▶ [COLLECTED DATA]
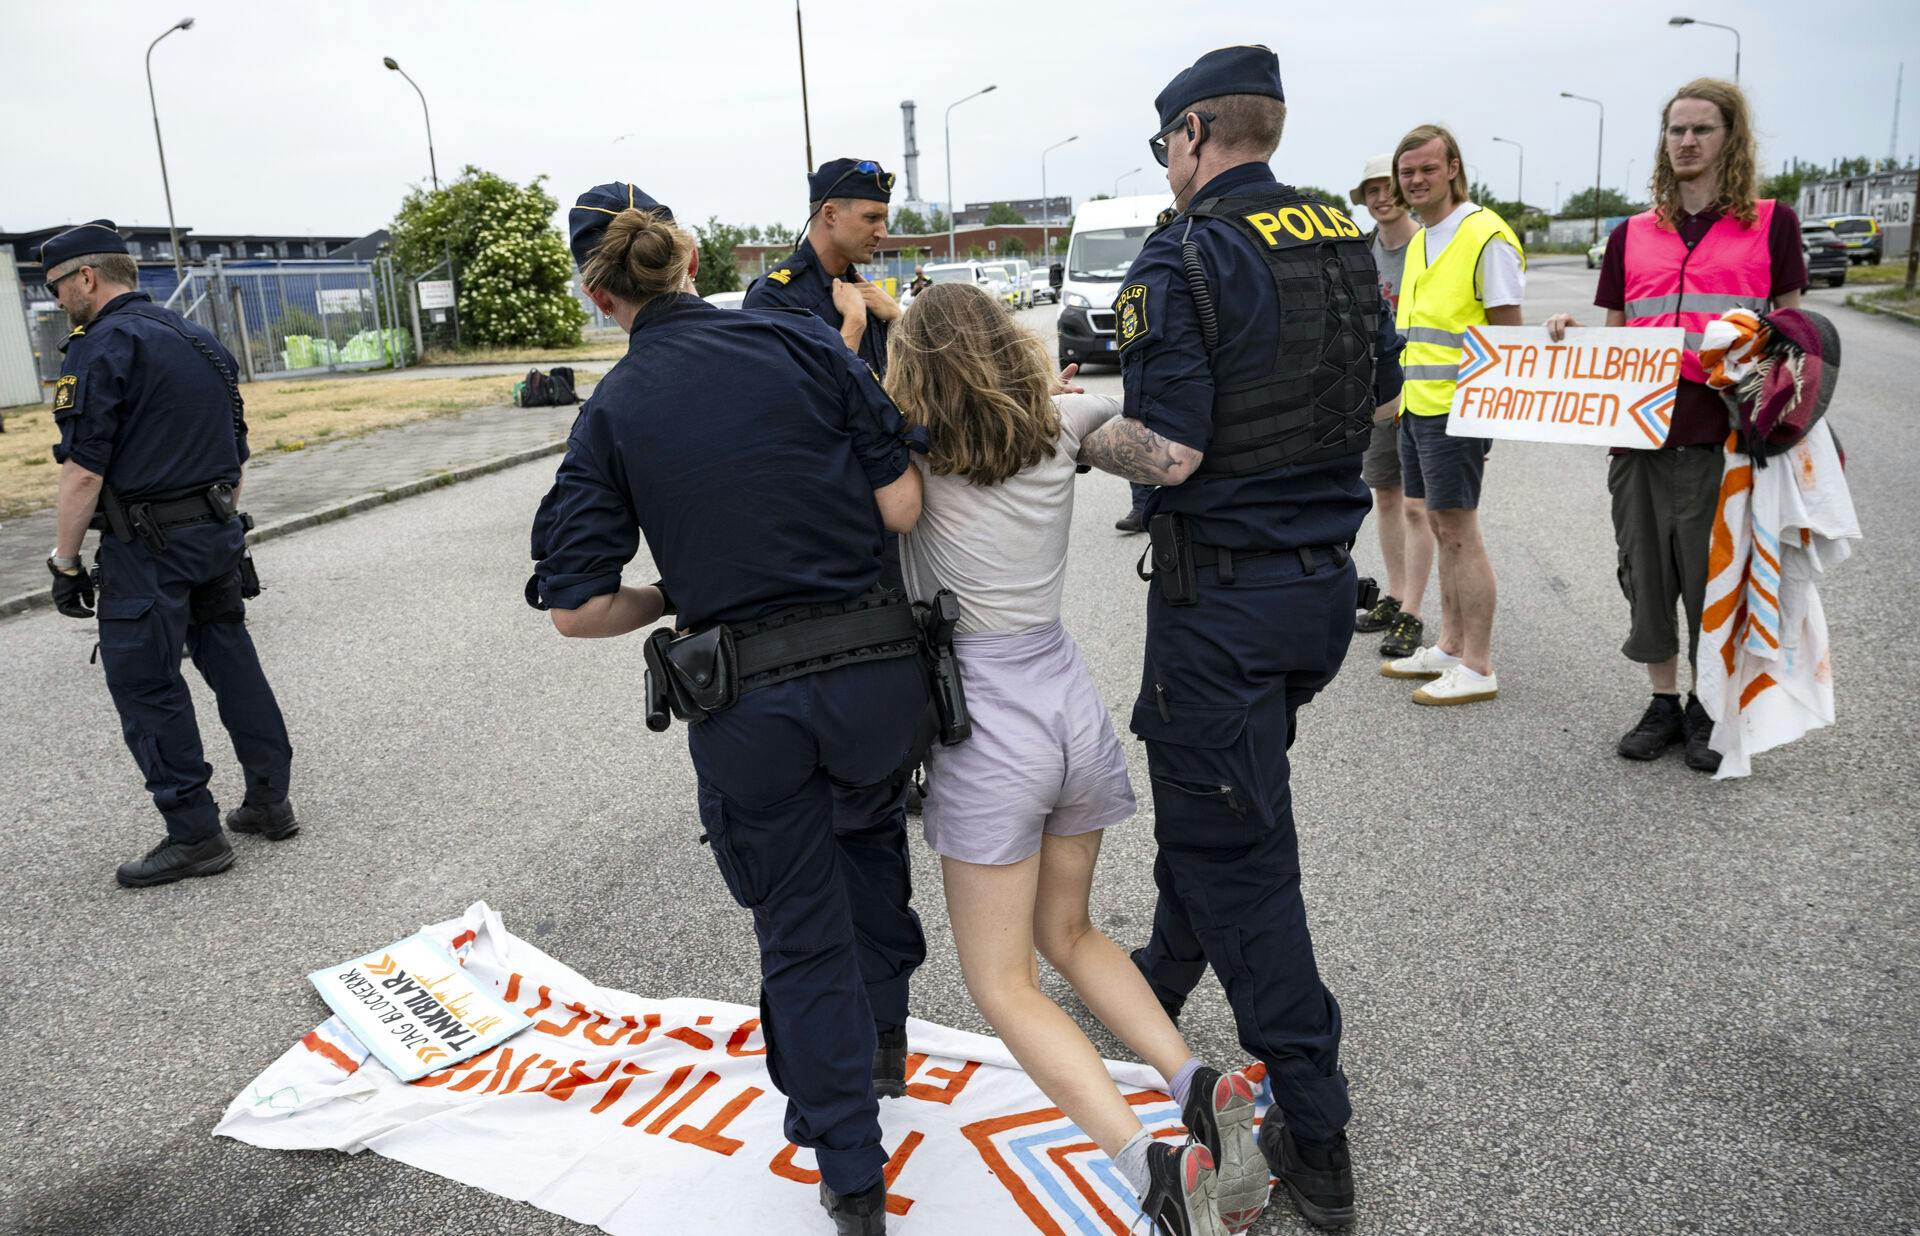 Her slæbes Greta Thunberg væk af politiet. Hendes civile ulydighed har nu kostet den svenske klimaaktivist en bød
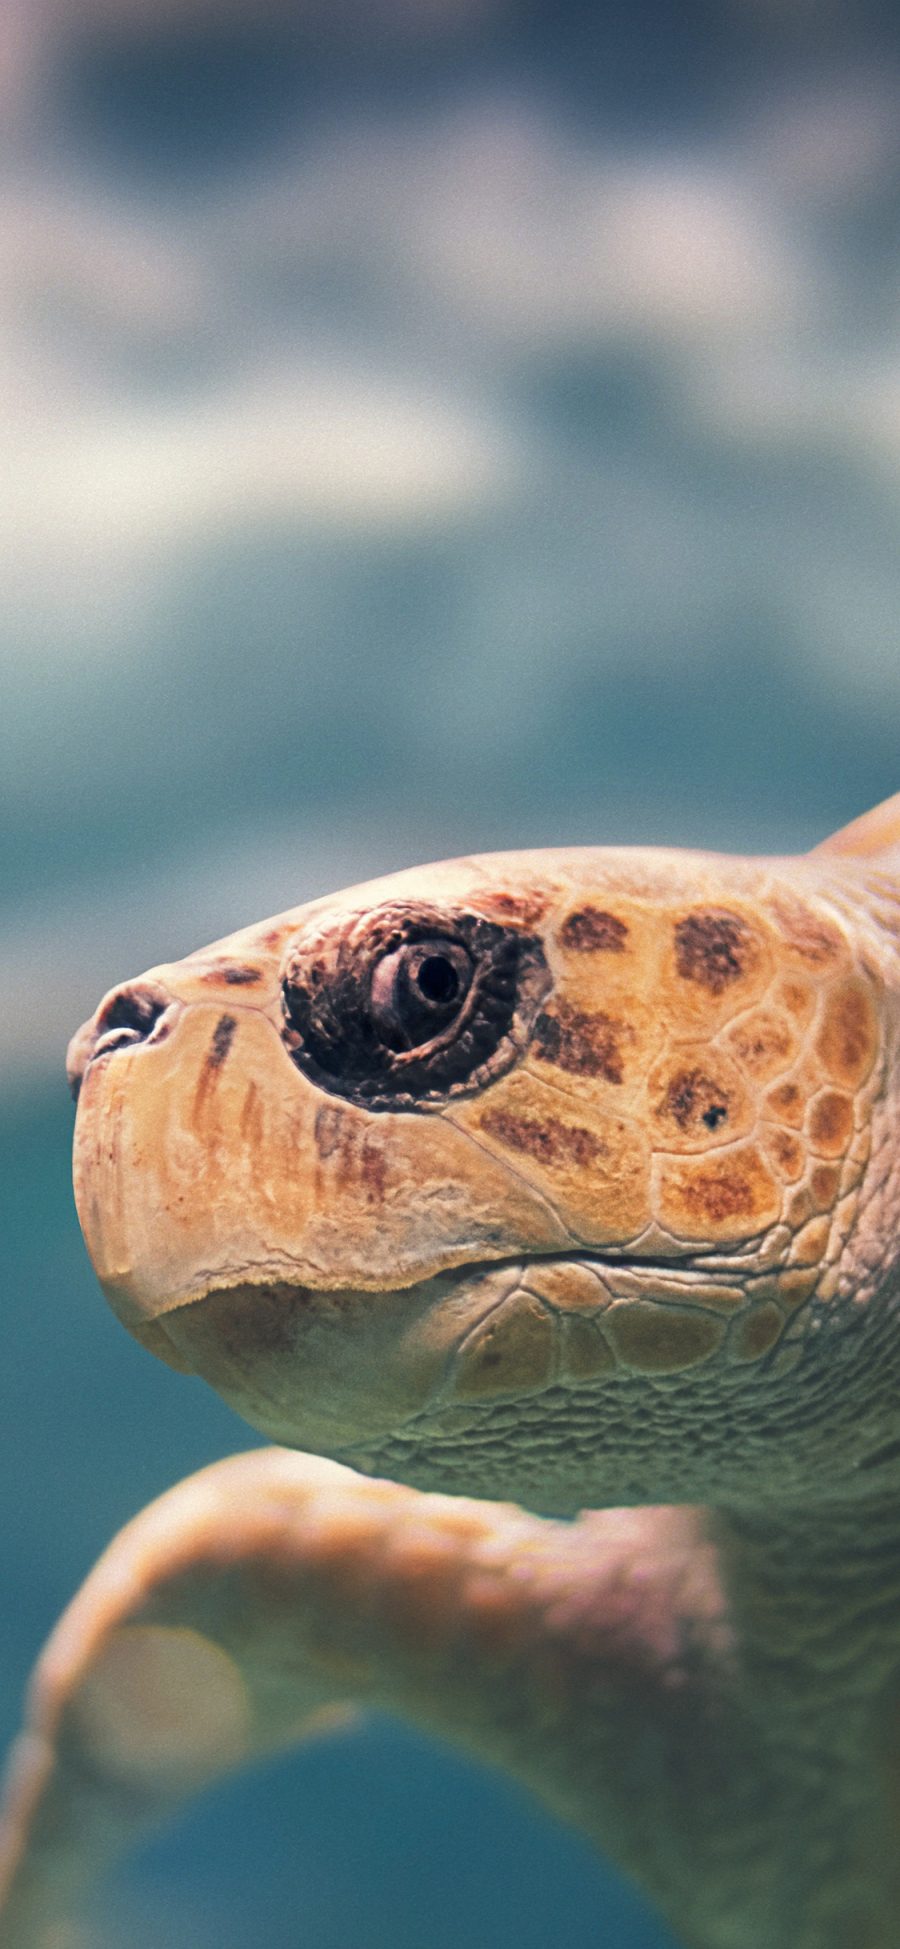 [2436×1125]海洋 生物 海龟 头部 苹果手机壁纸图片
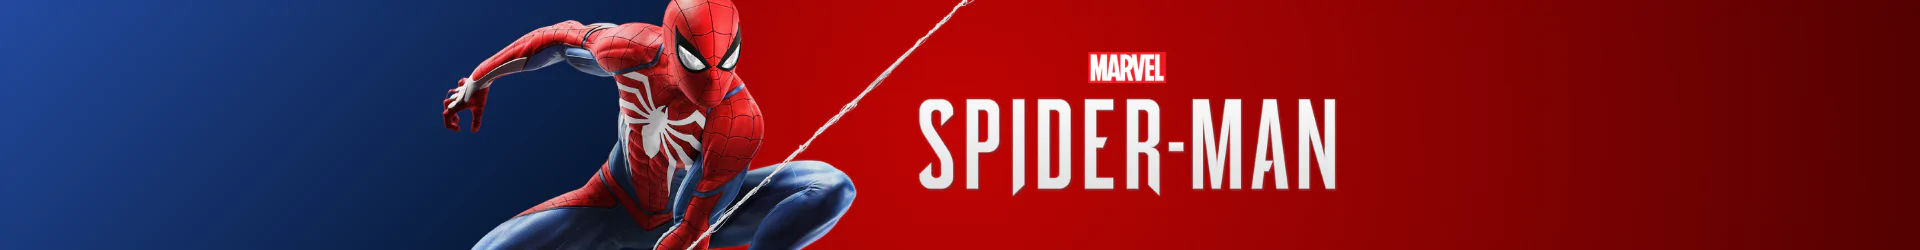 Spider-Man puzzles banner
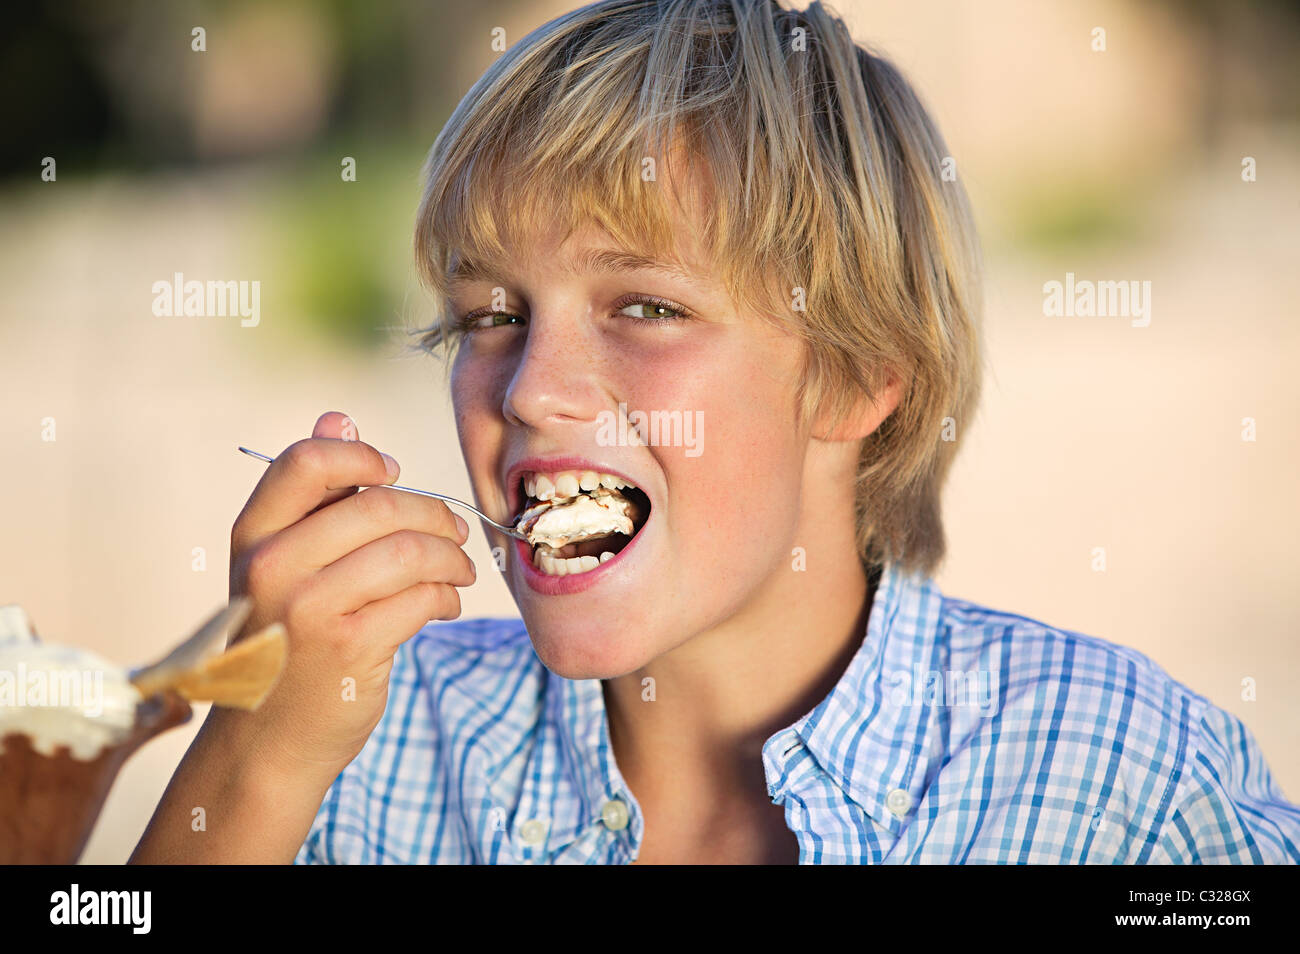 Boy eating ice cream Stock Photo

▶ [WHAT THIS TASK INVOLVES] Transcribe the listing above verbatim. No picture belongs in the result.

▶ [TASK RESULT]
 Her slæbes Greta Thunberg væk af politiet. Hendes civile ulydighed har nu kostet den svenske klimaaktivist en bød
 [2436×1125]海洋 生物 海龟 头部 苹果手机壁纸图片
 Spider-Man puzzles banner
 Boy eating ice cream Stock Photo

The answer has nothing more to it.